[Stored records]

━━━━━━━━━━━━━━━━━━━━

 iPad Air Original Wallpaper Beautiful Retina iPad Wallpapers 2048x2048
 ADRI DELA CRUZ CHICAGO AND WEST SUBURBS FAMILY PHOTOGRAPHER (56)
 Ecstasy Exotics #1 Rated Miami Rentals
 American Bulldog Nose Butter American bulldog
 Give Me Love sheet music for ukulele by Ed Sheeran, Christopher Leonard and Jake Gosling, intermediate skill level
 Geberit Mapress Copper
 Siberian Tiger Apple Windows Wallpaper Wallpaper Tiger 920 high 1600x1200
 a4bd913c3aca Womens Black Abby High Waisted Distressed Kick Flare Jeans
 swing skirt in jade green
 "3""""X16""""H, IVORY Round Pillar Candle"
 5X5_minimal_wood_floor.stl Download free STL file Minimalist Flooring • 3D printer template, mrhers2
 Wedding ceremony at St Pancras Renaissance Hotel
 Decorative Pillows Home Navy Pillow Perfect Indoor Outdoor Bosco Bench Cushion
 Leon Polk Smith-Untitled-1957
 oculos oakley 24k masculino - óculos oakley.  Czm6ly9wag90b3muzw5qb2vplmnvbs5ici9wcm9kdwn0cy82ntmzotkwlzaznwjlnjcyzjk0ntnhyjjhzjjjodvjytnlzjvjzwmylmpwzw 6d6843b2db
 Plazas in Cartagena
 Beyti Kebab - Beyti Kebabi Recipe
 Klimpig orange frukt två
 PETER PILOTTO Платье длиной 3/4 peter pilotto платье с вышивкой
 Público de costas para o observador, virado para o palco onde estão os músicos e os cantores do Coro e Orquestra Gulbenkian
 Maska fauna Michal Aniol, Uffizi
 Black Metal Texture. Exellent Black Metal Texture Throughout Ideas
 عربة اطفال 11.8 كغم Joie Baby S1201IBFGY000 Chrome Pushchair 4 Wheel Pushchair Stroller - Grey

━━━━━━━━━━━━━━━━━━━━

### What needs to be done
What is needed is an exact copy of the lines from the one containing "Klimpig orange frukt två" through the last line of the records, and nothing else.

### Task answer
 Klimpig orange frukt två
 PETER PILOTTO Платье длиной 3/4 peter pilotto платье с вышивкой
 Público de costas para o observador, virado para o palco onde estão os músicos e os cantores do Coro e Orquestra Gulbenkian
 Maska fauna Michal Aniol, Uffizi
 Black Metal Texture. Exellent Black Metal Texture Throughout Ideas
 عربة اطفال 11.8 كغم Joie Baby S1201IBFGY000 Chrome Pushchair 4 Wheel Pushchair Stroller - Grey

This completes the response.